The REACH Space across 2019/20: Hosting socially engaged research opportunities

Launched in Autumn 2019, the Arts & Humanities Research Institute’s REACH Space has acted as a creative hub for socially engaged research activities

image of a room with colourful artwork and plants
The REACH Space

Across the summer of 2019, the Arts & Humanities Research Institute (AHRI) team worked hard to transform derelict office spaces on the third floor of the Surrey Street East Wing into the REACH (Research and Engagement in the Arts, Culture and Humanities) Space, a creative and experimental hub for socially engaged research activities.

Development was informed by previous pilot projects, with the AHRI commissioning artworks, installing an arts and crafts area, a kitchen, flexible seating, a slew of plants and purchasing a range of creative resources. A 55-inch portable screen, which can be used for screenings, workshops and live-streaming, was also installed.

The space was formally launched in October 2019. Over its first five months of operation, and prior to the national lockdown in March 2020, approximately 450 people engaged with REACH Space activities. Arts and Humanities departments hosted over 20 activities, 11 of which involved external collaborators. Researchers from 20 departments across King’s took advantage of the REACH Space.

To stimulate activities, a Community Conversations Fund was launched, open to Arts and Humanities researchers wishing to engage with communities with connected or shared practices, experiences, challenges or interests. Three projects received funding totalling £650:

  • London Migrations Workshop (Centre for Early Modern Studies)
  • Networking and Coordination for PLuS Alliance Project Proposal (Dr Katrin Schreiter)
  • Art, Conflict and Remembering: The Murals of the Bogside Artists (Dr Adrienne Dengerink Chaplin, Dr Craig Larkin, Dr Rachel Kerr, The Bogside Artists)

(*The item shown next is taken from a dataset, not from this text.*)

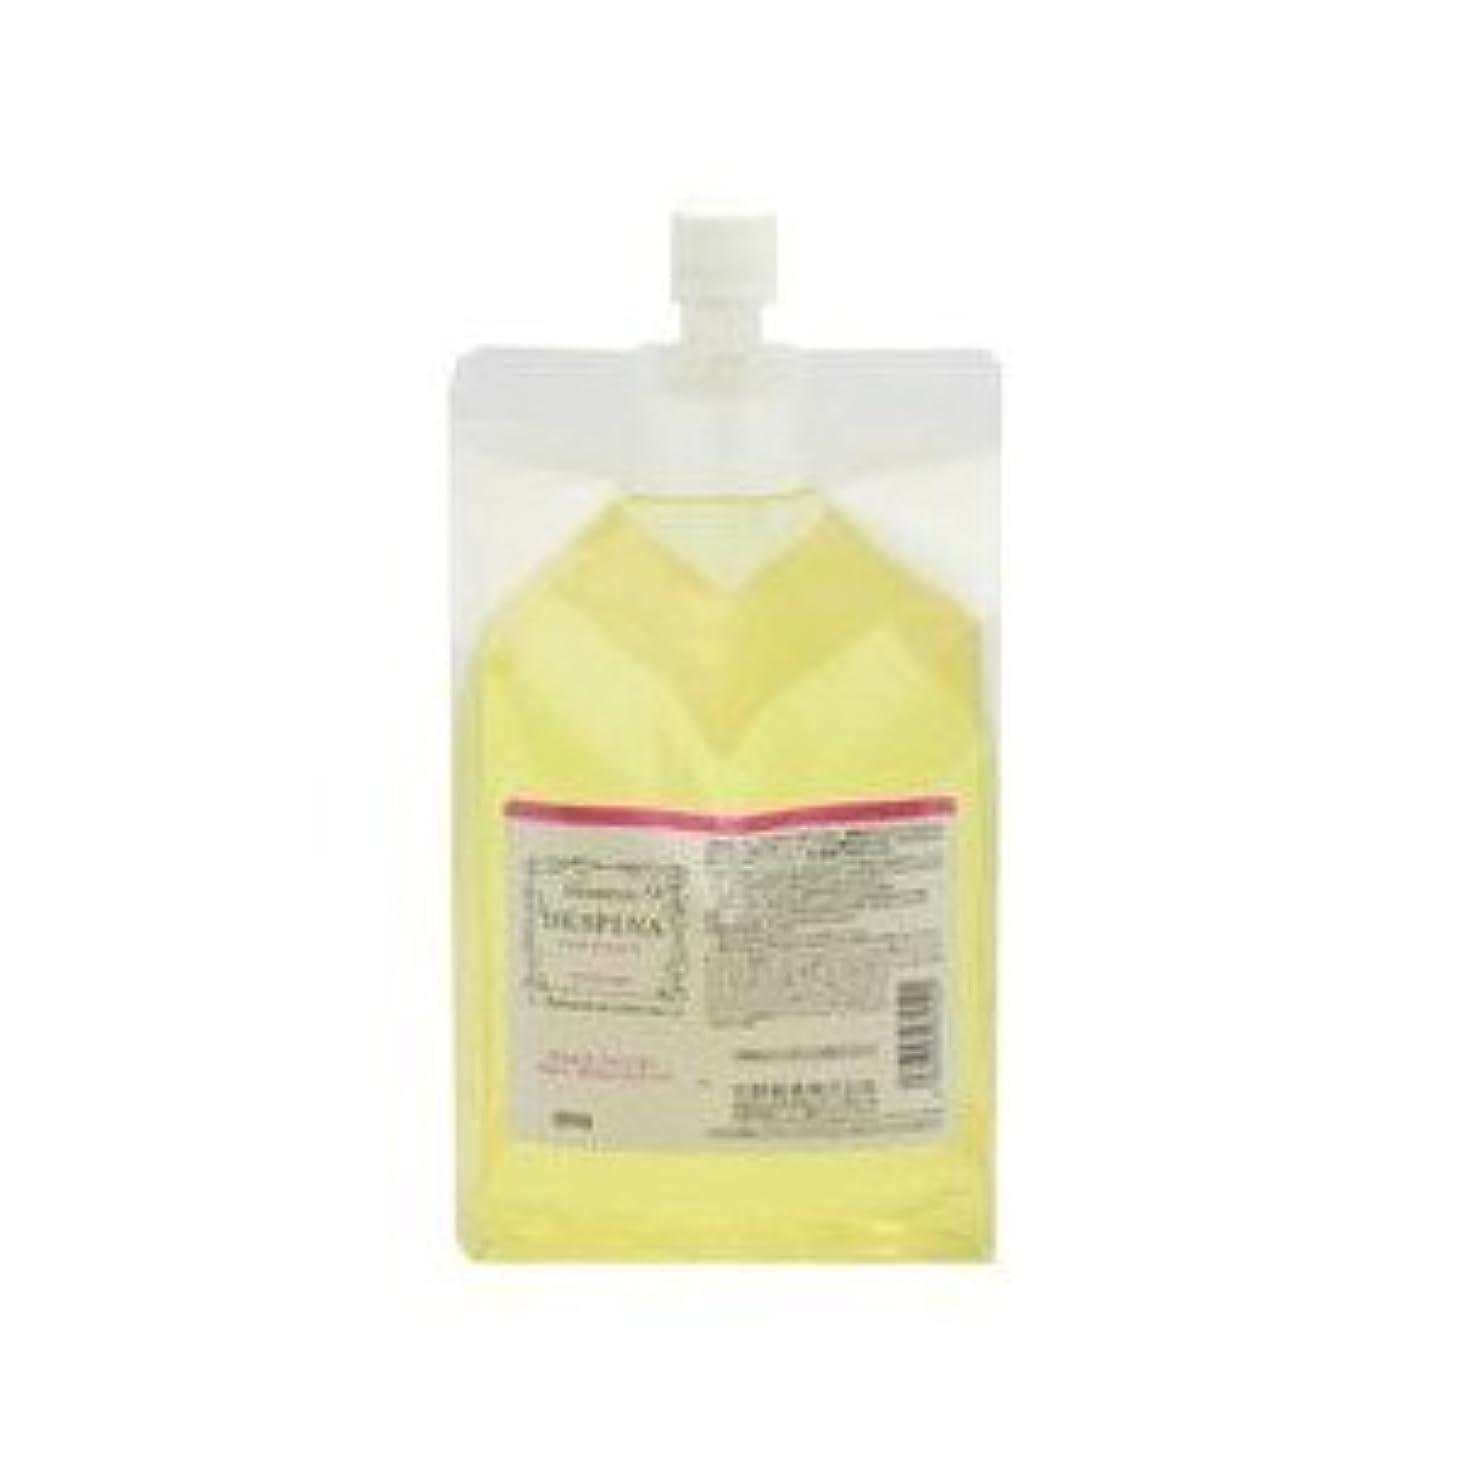 和らげる一口経験的中野製薬 デスピナ シャンプー カラー ボリュームアップ 1500ml

In addition, a Pop-up Research Fund stimulated collaborations led by Arts and Humanities researchers, involving those from other disciplines and / or community organisations. Four projects were funded £1000 each:

  • What does circular design mean for designer makers in the UK? (Dr Lauren England, Julian Needham)
  • An underwater sense of place: Bahamas marine locations and cinema memory (Professor Erica Carter, KCL and Monique Toppin, University of the Bahamas)
  • Between lived experience and stimulated presence (Clara Sukyoung Jo, Dr Sarah Atkinson, Dr Lucia Valmaggia).
  • As Happy as God in France (Dr Julia Pascal, Dr Thomas Kampe).

An Adopt-a-Plant Scheme ran from September 2019 to March 2020, with 15 Arts & Humanities postgraduate researchers taking part from across 8 departments. Feedback from participants highlighted several positive impacts from the scheme focused on personal wellbeing, taking time away from research and having the opportunity to connect with other research students in non-research settings.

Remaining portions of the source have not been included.